Please return the listing exactly as written, but without its pictures.
*** Collected data Section Begins ***
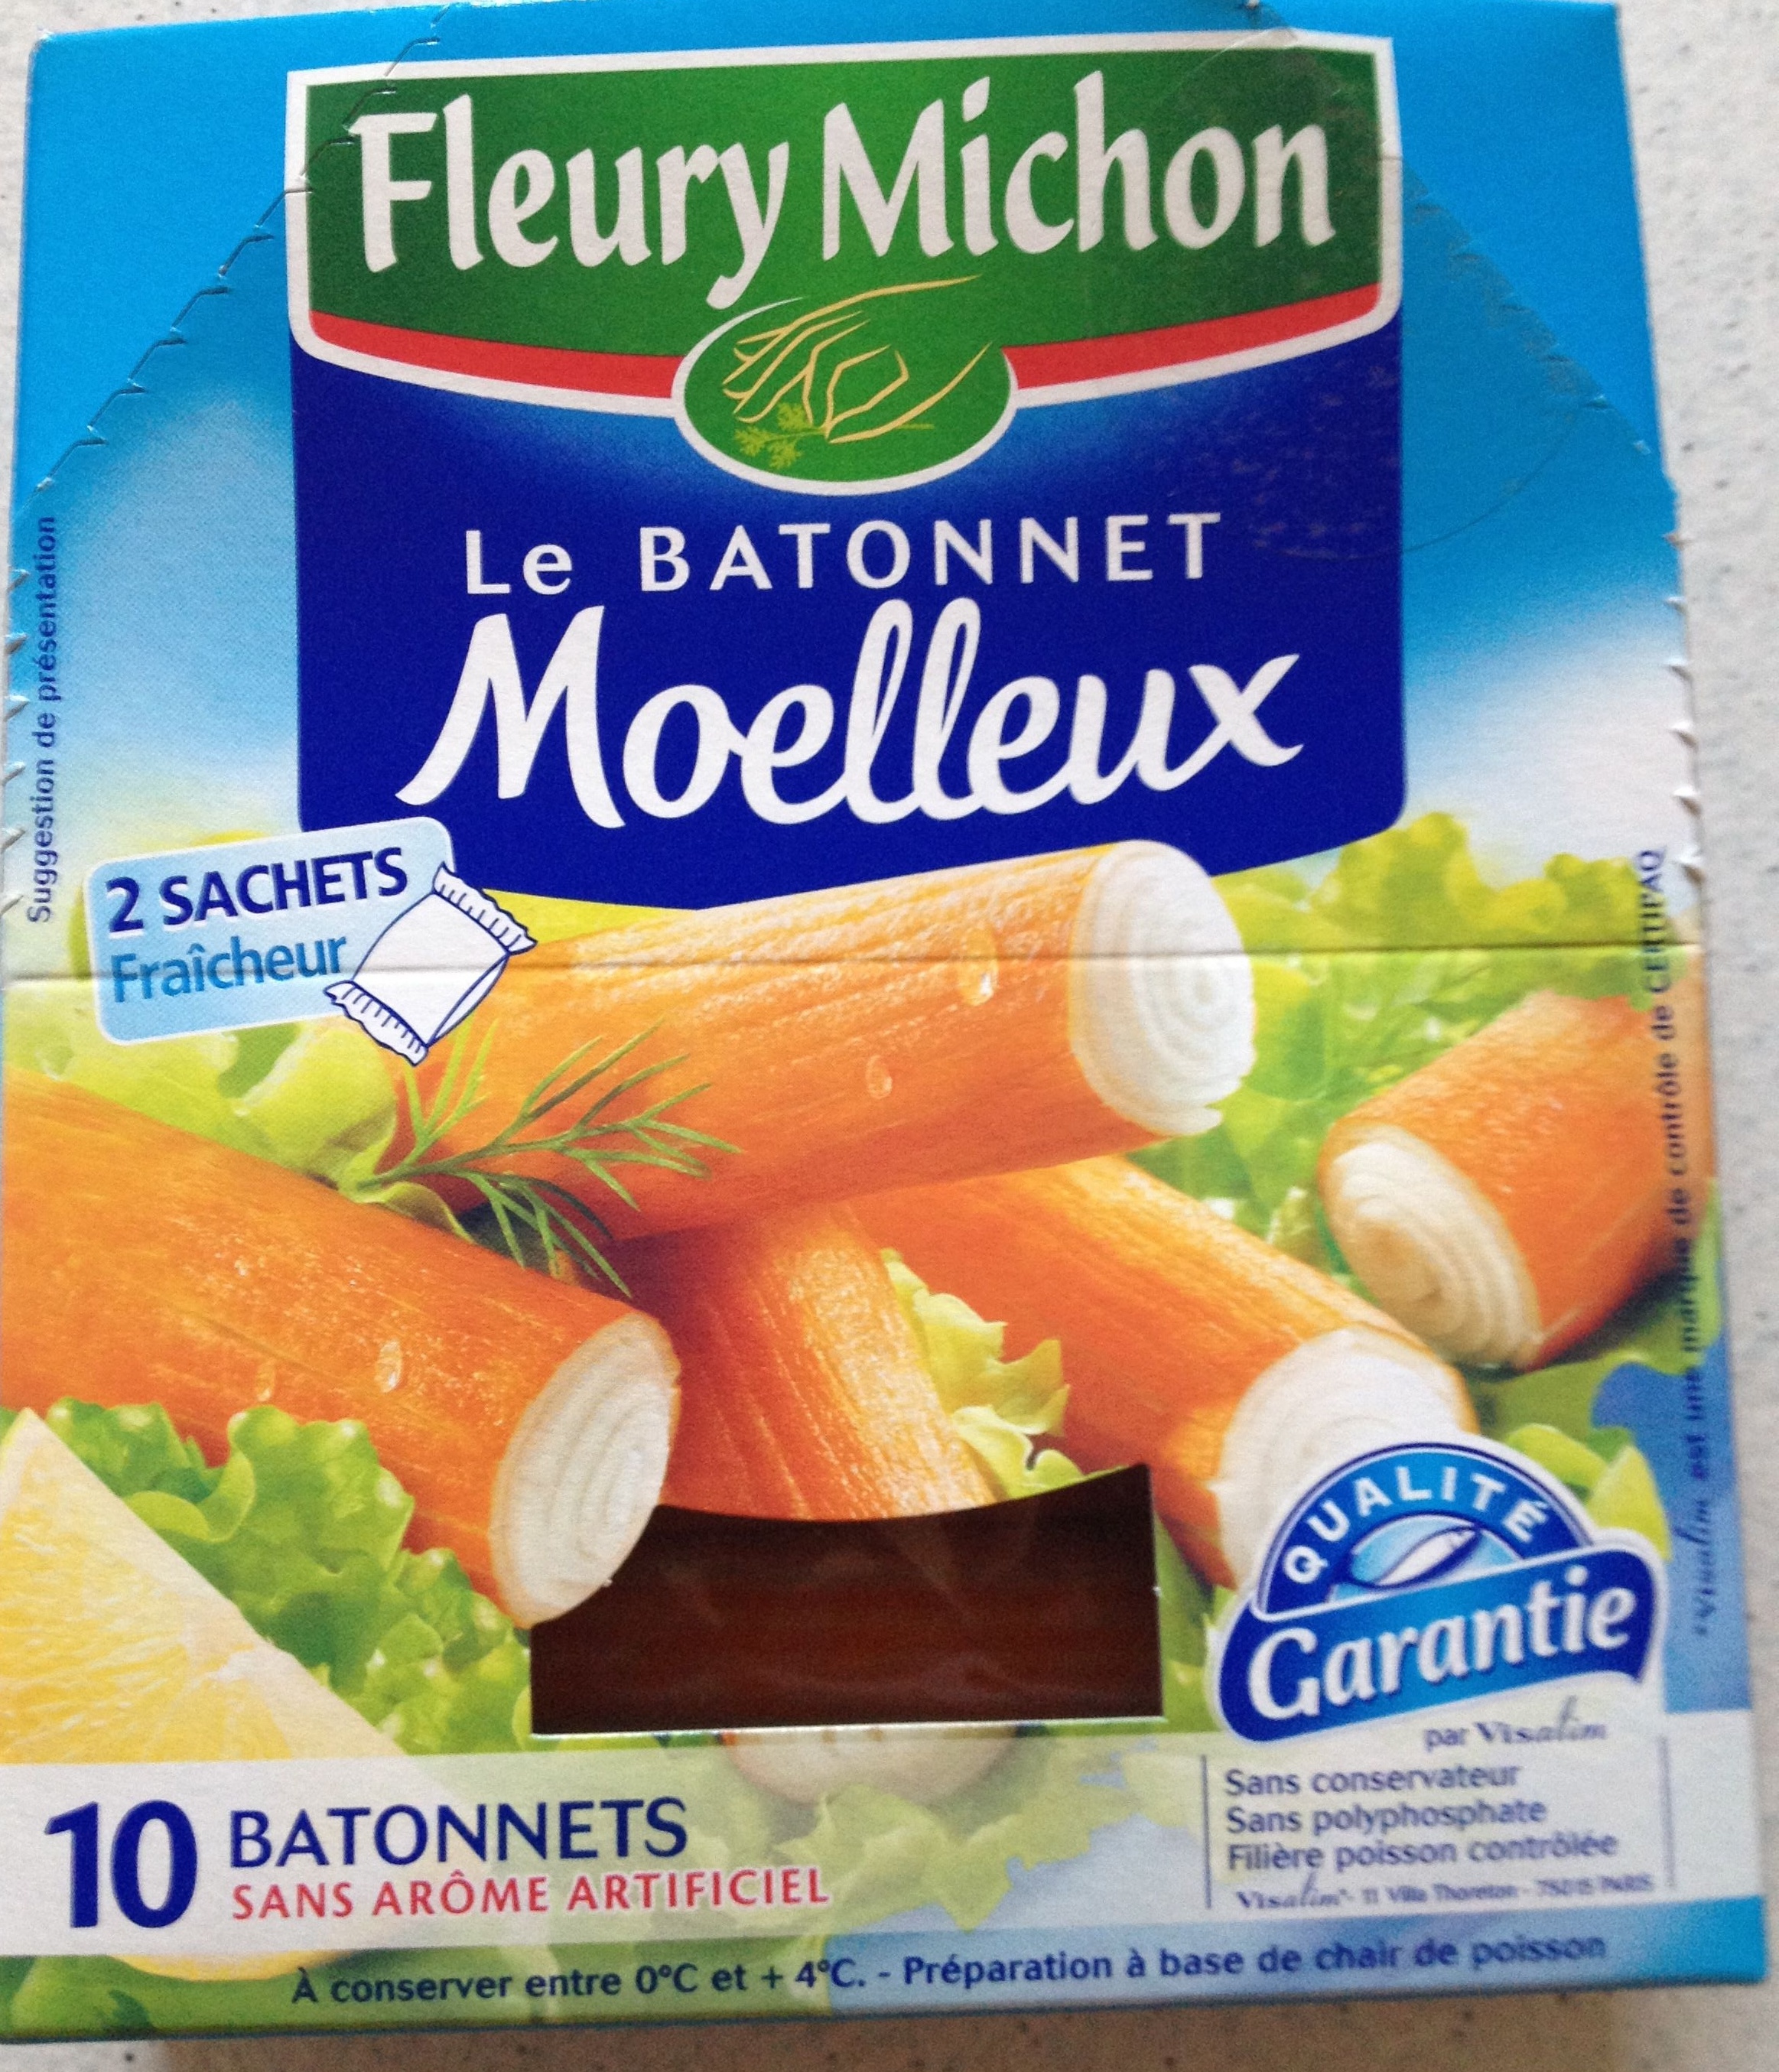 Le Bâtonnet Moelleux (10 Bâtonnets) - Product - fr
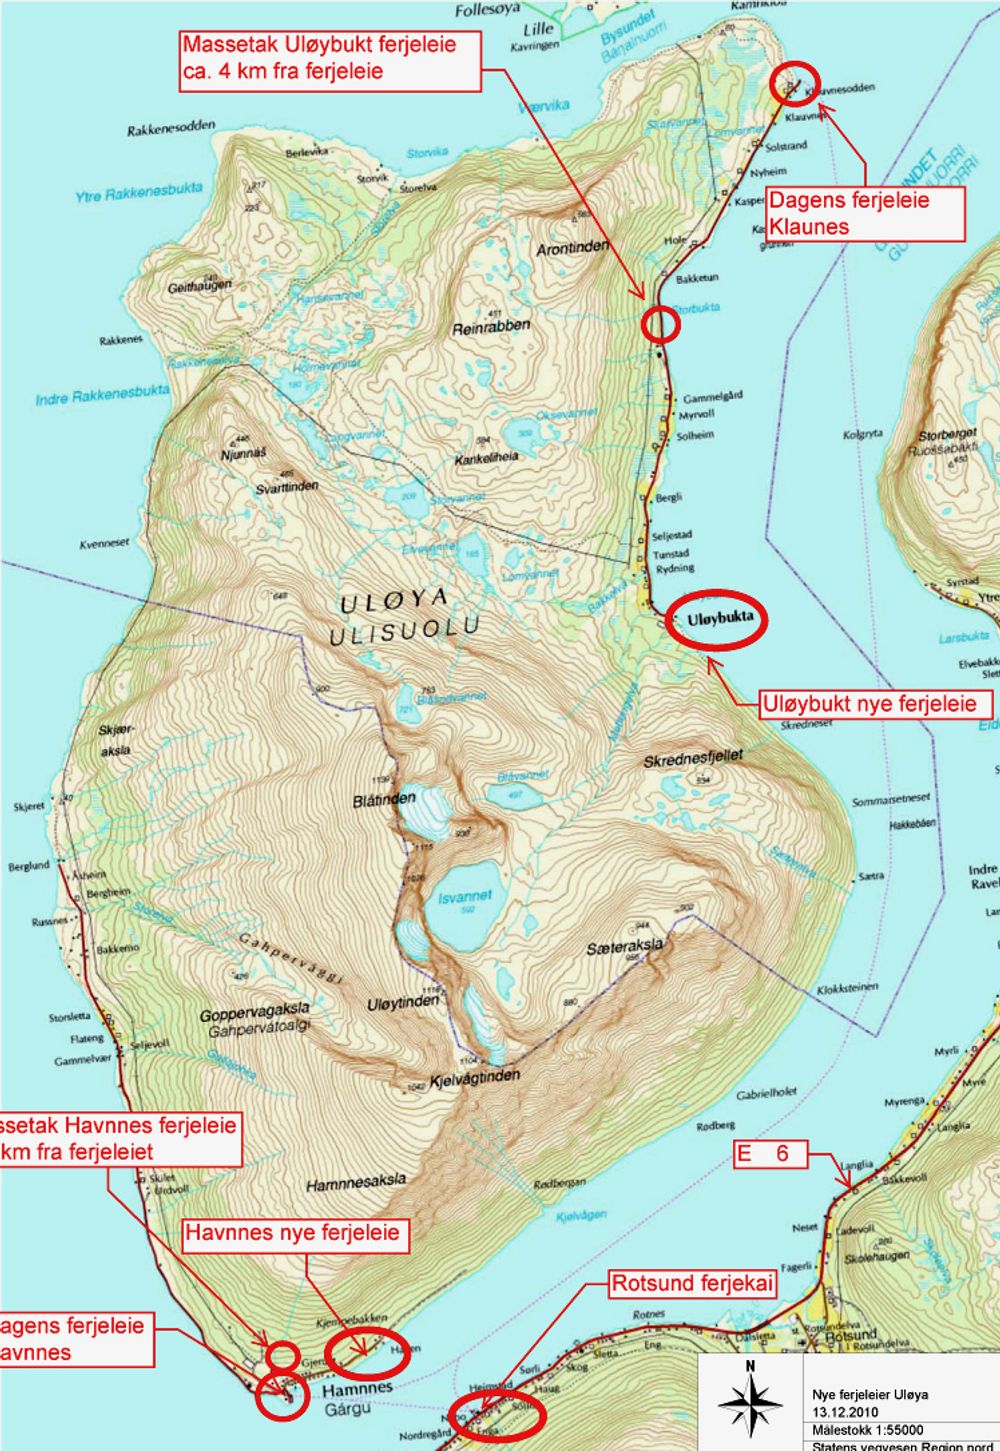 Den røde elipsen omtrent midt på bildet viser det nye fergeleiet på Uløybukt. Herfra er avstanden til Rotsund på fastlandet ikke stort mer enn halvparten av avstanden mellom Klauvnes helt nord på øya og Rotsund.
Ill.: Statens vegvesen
*** Collected data Section Ends ***
**Response**
 Le Bâtonnet Moelleux (10 Bâtonnets) - Product - fr
 Den røde elipsen omtrent midt på bildet viser det nye fergeleiet på Uløybukt. Herfra er avstanden til Rotsund på fastlandet ikke stort mer enn halvparten av avstanden mellom Klauvnes helt nord på øya og Rotsund.
Ill.: Statens vegvesen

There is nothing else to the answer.